私は、1週間と週末で乗り越えられたけど、もっと長期戦の時は、どうするんだろう。

そんなことを、考えさせられた。

働き方改革のために、制度よりも必要なもの

社会が直面している超高齢化社会というものを、頭では理解はしているつもりだった。しかし、本当の意味では分かっていなかったのだと思うし、おそらく今も部分的な理解だ。親の看護という現実に直面して、あらためて仕事と看護・介護の問題について考え、気付いたのは「結局は当事者になってみないとわからない」ということだ。いつか自分が直面するということをわかっていながらも、どこか他人事だった。

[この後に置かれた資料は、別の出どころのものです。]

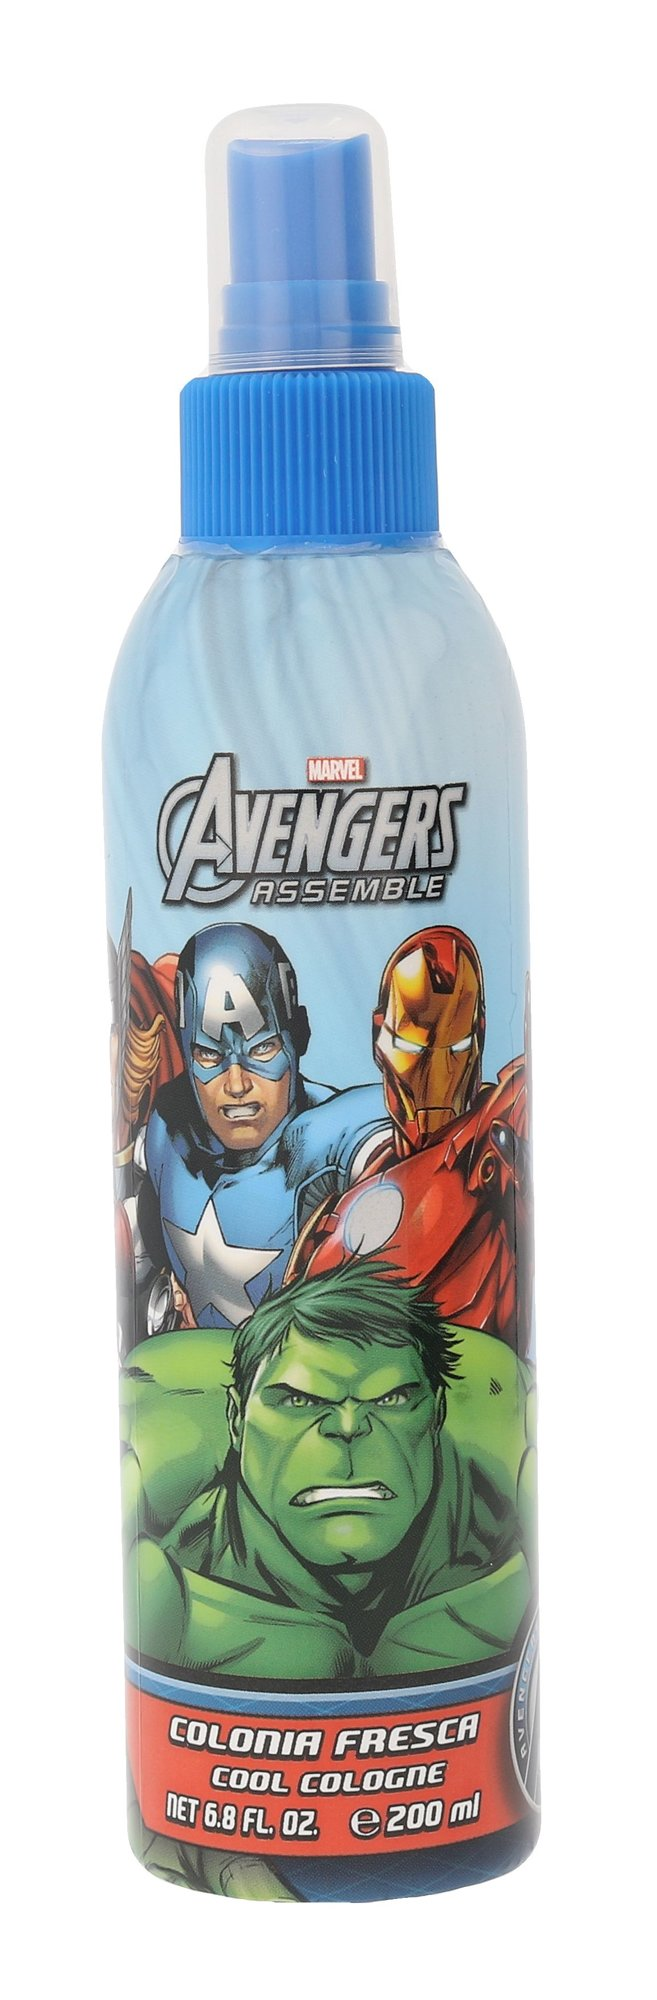 Marvel Avengers Assemble Tělový spray 200ml

「働き方改革」という言葉が、バズワードとなって、飛び交っている。残業せずに定時で帰ろう、有休を取ろう、そのために仕事を効率化しよう、という風潮。それに、テレワークだ! イクメンだ! さらに、効率化の手法論や、近似しているけどちょっと違うジャンルの言葉がひっついている。働き方を変える必要に迫られていない人が集まって会議室で議論しても、頭でっかちな「べき論」になったり、他人事になったりするのも、仕方がないのだろう。

一方、社会においては「子育ては、母親がすべてやらなければいけない」、「介護は娘が、嫁が、やらねばならない」という風潮がいまだにゼロではない。子育てをしながら働きはじめた頃の私は、今でいうワンオペ育児という状態だったが、周囲を見渡しても当時は同じような状況の人が多かったし、それに疑問を持つこともなかった。しかし、今回の状況は、過去のそれとは違っていた。私のように一人っ子で、高齢の親が離れたところに一人で住んでいて、となると、頼る相手もなく、「自分で仕事の都合をつけて対応する」という選択をとらざるを得ない。

父親が入院したとき、親戚からは「がんばらなくていいからね」という温かいメッセージをたくさんもらったが、そこには「一人娘が全部やって当然」という語られない前提が見え隠れするような気がした。親の面倒を見たくないというわけではないが、「自分がやらなければならない」という前提を感じ取ると、つい一人で背負い込んでしまう。ワンオペ育児の背景にも同じようなものがあるのではないだろうか。

私は子供がいない時期も働いていたし、看護・介護に対する実感もなかった。育児や介護のことを具体的に想像できない周囲の人たちの現実も、働き方に制約のあるメンバーを支える人たちの感情もわかる。だからこそ、働き方に制約がある人が訴えたいことにも、そうでない人が訴えたいことにも、それぞれの主張に対して度々ネットで沸き起こる炎上にも、違和感を持っている。当事者にならなければ、本当の大変さは理解できない。あるべき論を振りかざして「いつかあなたにも訪れるのだから、今のうちから協力しあおう」なんて言われてもピンとこないのだ。

でも私たちは一人ではなくチームや組織で働いている。もし目の前に大変な思いをしている仲間がいるのなら、どういう状況なのか聞いてみればいい。本当に理解はできなくても、相手を知ることはできるはずだ。相手を知れば、明日の行動が変わるかもしれない。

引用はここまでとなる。